Oh really? Notice the fudging language here? EDs are "tied to" stress and depression. They sure are. So is cancer and heart disease. And then we get the twist of the knife--that old "need for control" crap that's been trotted out routinely ever since Hilde Bruch started writing about anorexia.

The whole thing is actually shopping this unnamed nutritionist as an authority on--wait for it--losing weight.

Yeah, this guy is a real authority, all right.

Note to PR flacks: Do the research before you send out crap like this. You're doing your clients way more harm than good.

Next time I'm naming names.

Tuesday, March 24, 2009

Just because you're paranoid doesn't mean they're not out to get you


The world of eating disorders treatment is changing. Slowly. Infinitesimally. Minusculely. But change is creeping in.

Still, most ED patients and their families get smacked upside the head at some point with the old assumptions and stigmas about these illnesses.

Such as: Eating disorders are caused by cold or overcontrolling mothers; the child has no other way to establish a sense of autonomy, so she stops eating.

To their credit, many docs have left this one behind. Some say they've left it behind but still on some level believe it. And now I have an inkling into why: A friend who's in med school, and who just finished the hour or two devoted to talking about eating disorders in the curriculum, reports that this outdated and discredited point of view is still in the textbooks.

So on some level, these stigmas are still being perpetuated. Big surprise, I know. But you know, it was a surprise. I'm enough of a good girl academically that reading something in a book makes it shiny and important.

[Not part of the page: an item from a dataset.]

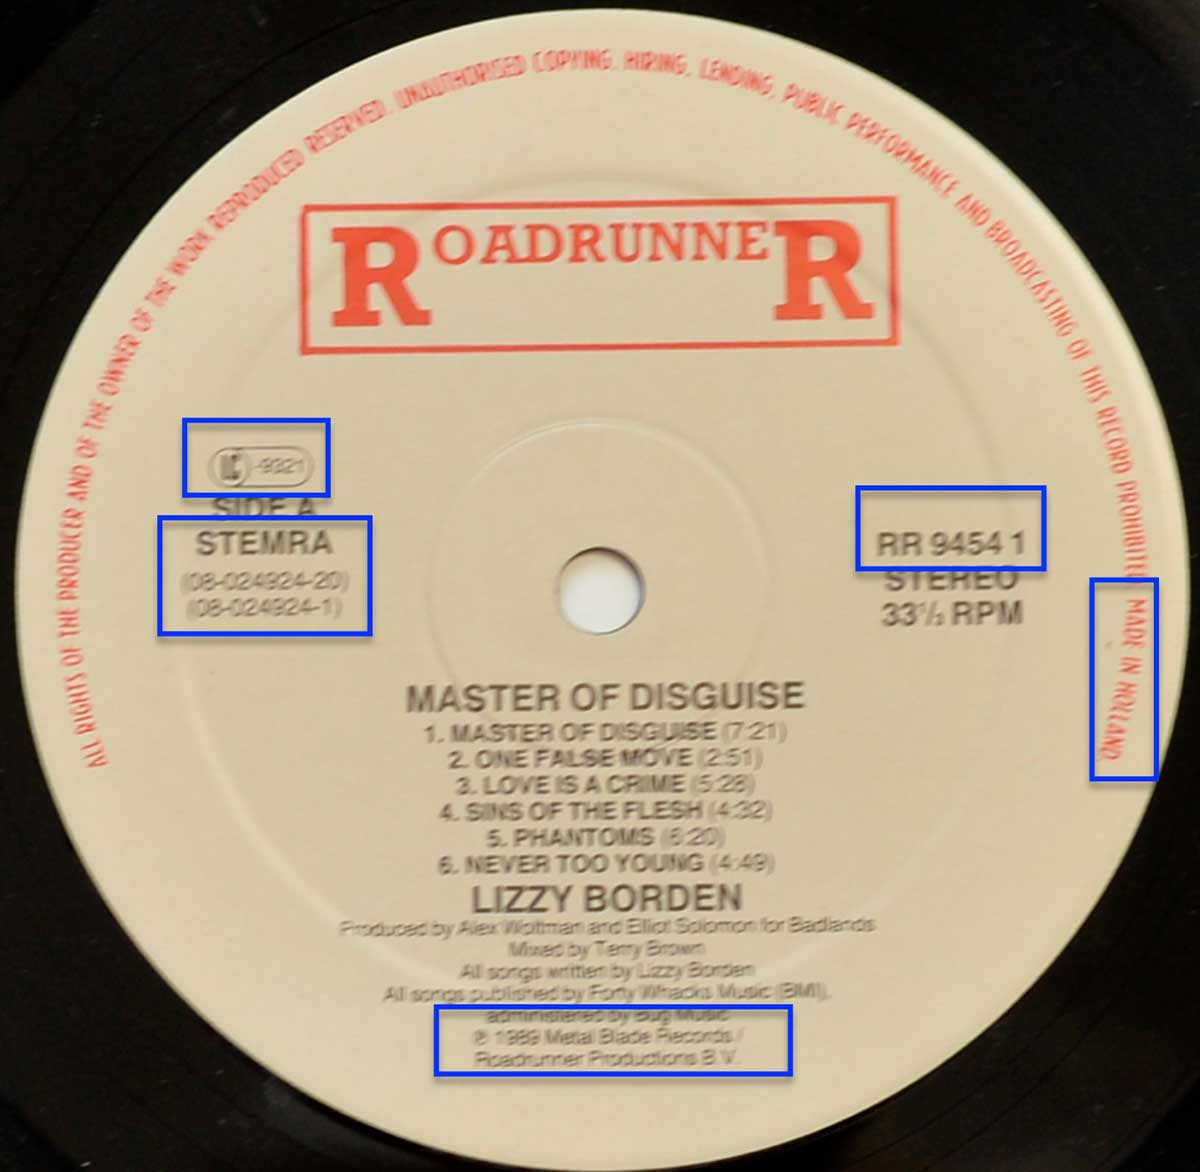 High Resolution Photo of the enlarged label LIZZY BORDEN Master of Disguise https://vinyl-records.nl

I feel pissed off and sad, though, at the thought that this kind of perspective is still living out there in print, for new generations of baby docs to read and take in. Especially since most of them get almost no training in treating eating disorders anyway. So this might be all they take away from med school on the subject. And it's wrong.

Sunday, March 22, 2009

Of food revolutions and politics



This article in today's New York Times poses the question of whether the time is right at last for a revolution in the way we grow, buy, distribute, and eat food. A perfect storm of factors, argues the writer, is brewing to make this happen: Economic hardship, political leaders who value sustainability and an older-school farming ethos, and an ever-more-complex web of relationships between those who grow food and those who eat it.

Is it, as Michael Pollan has suggested, time for a reform of our entire food system? Is this the moment to move toward the Alice Waters model of growing and eating local? I hope so.




The agribusiness lobby has had Washington's ear for the last eight years. I hope the new administration can hear something else now--the concerns of small family farmers, organic farmers, parents who want to feed their children (and eat themselves) high-quality food. One of the biggest obstacles to meaningful food reform in this country has been the fact that only the relatively wealthy have access to good food. So I'd like to see policies that broaden that access and make it possible for poor and inner-city consumers to buy local fruits and veggies, organic meats, and food that's grown to taste good rather than to last 4 weeks in a crate on the back of a truck.

Why am I writing about this here, you might ask? Because eating local food, organic food, food that bloody well tastes good, is a crucial part of learning once more to celebrate and enjoy food. It's a back door into my obsession with the joys of eating and of being comfortable with your body.

Saturday, March 21, 2009

OT: The Hebrew Mamita, Yo

Def poetry and you don't look Jewish. Rock it.

Thursday, March 19, 2009

Here's one little gizmo I won't be buying


The HappyHR (I kid you not) continuously calculates the amount of calories you burn. Even, um, when you're asleep.

"Stay fit and be happy" is the slogan dreamed up by the Georgia Tech students who are building this gadget. I think they've got the wrong slogan there. How about "Think you're obsessive about eating now? Wait till you wear one of these babies."

I can already imagine the new eating disorder that will grow out of this. Calorexia, anyone?